Il 24 giugno saremo sotto le mura del carcere di Poggioreale per ribadire la nostra solidarietà a Maurizio Alfieri ed a tutti i carcerati che nelle gabbie di stato non chinano la testa e quotidianamente si battono per la propria dignità.
Maurizio è stato trasferito a Poggioreale dal carcere di Opera a Milano, è stato deportato per punizione dopo aver lottato con gli altri carcerati. Hanno dato vita ad una protesta, raccogliendo tra l’altro centinaia di firme per ottenere migliori condizioni di vita per tutti senza cedere al ricatto della premialità. Nelle carceri anche solo una doccia calda può rappresentare una conquista da ottenere con dure lotte. Ecco perché chi continua a battersi in galera viene represso con trasferimenti a centinaia di chilometri di distanza da casa, con pestaggi e con l’applicazione del famigerato 14 bis, una misura di ulteriore isolamento all’interno del carcere che è ancora più restrittiva del 41 bis ma che colpisce indiscriminatamente tutta la popolazione carceraria. Il trasferimento a Poggioreale non è casuale, il carcere napoletano è uno dei peggiori d’Italia come ben sanno i carcerati e i loro familiari. Per l’arrivo di Maurizio è stato riaperto il sotterraneo del padiglione Avellino, celle destinate a chi deve scontare un regime di isolamento molto rigido.

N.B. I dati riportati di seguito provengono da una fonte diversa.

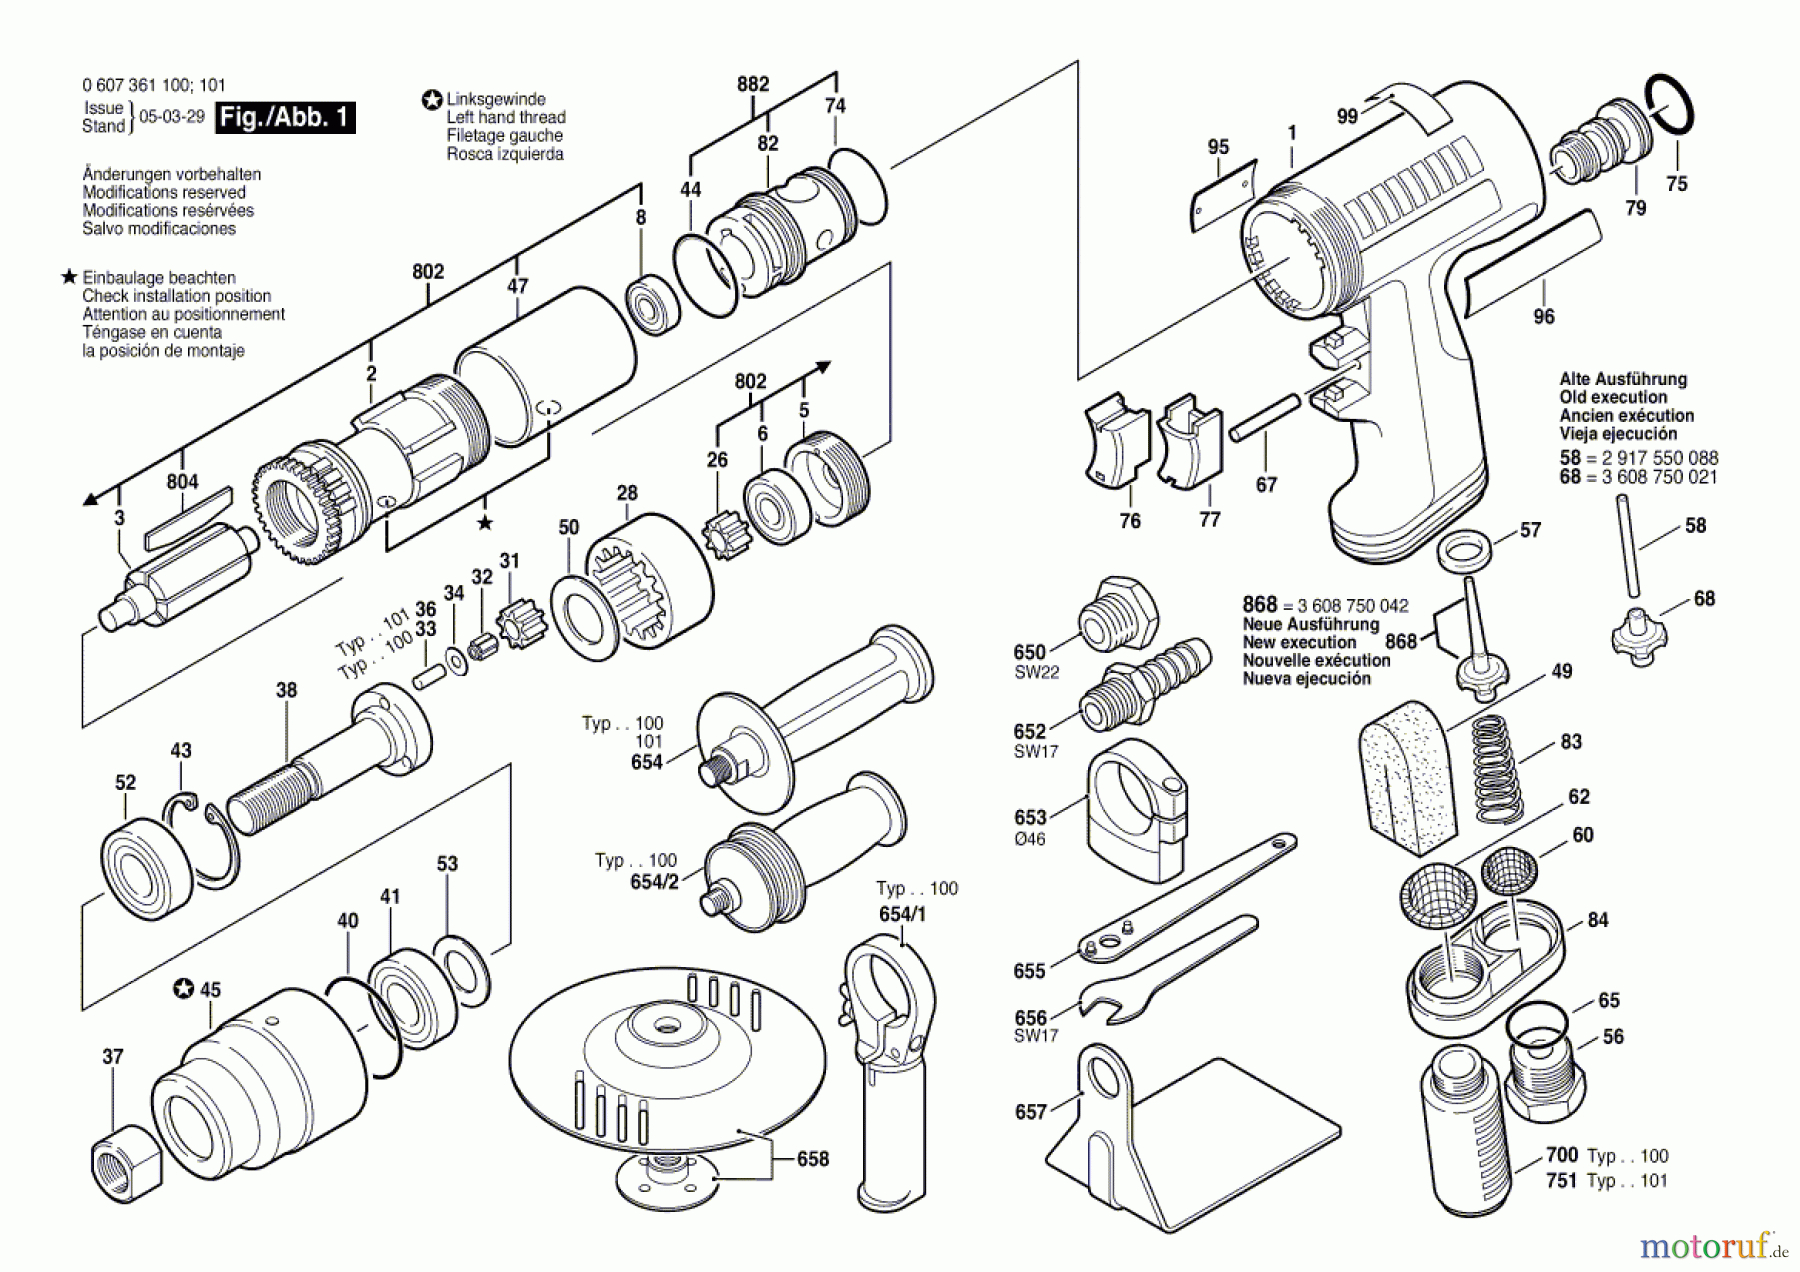  Bosch Werkzeug Pw-Vertikalschleifer 400 WATT-SERIE Seite 1

All’interno delle antiche mura borboniche sono stipati circa 2000 prigionieri in condizioni di sovraffollamento insostenibile, i “suicidi” sono all’ordine del giorno e la psichiatrizzazione tramite un bombardamento massiccio di psicofarmaci abbrutisce centinaia di carcerati. Oltre a tutto ciò i prigionieri ogni giorno devono vedersela con l’arroganza e l’infamia dei secondini che non tollerano chi non si piega alla loro vigliaccheria. Un trattamento che chi è passato dalle patrie galere ben conosce e che ha colpito anche Maurizio. Come ci scrive in una sua recente lettera: “…la meschinità e la codardia delle guardie non hanno limiti. Quando passo non posso dare una sigaretta o un bicchiere d’acqua a nessuno. Chiudono blindi e spioncini. Di questo si servono per farmi passare per pentito. Nonostante questo ho trovato tantissimi solidali”.
Noi crediamo che il carcere e la società che ne ha bisogno vadano distrutti, siamo convinti che ciò si può ottenere solo battendoci, dentro e fuori, continuando ad intrecciare rapporti e a seminare solidarietà, a compiere azioni dirette contro chi vuole ogni giorno renderci sottomessi ed incapaci di reagire.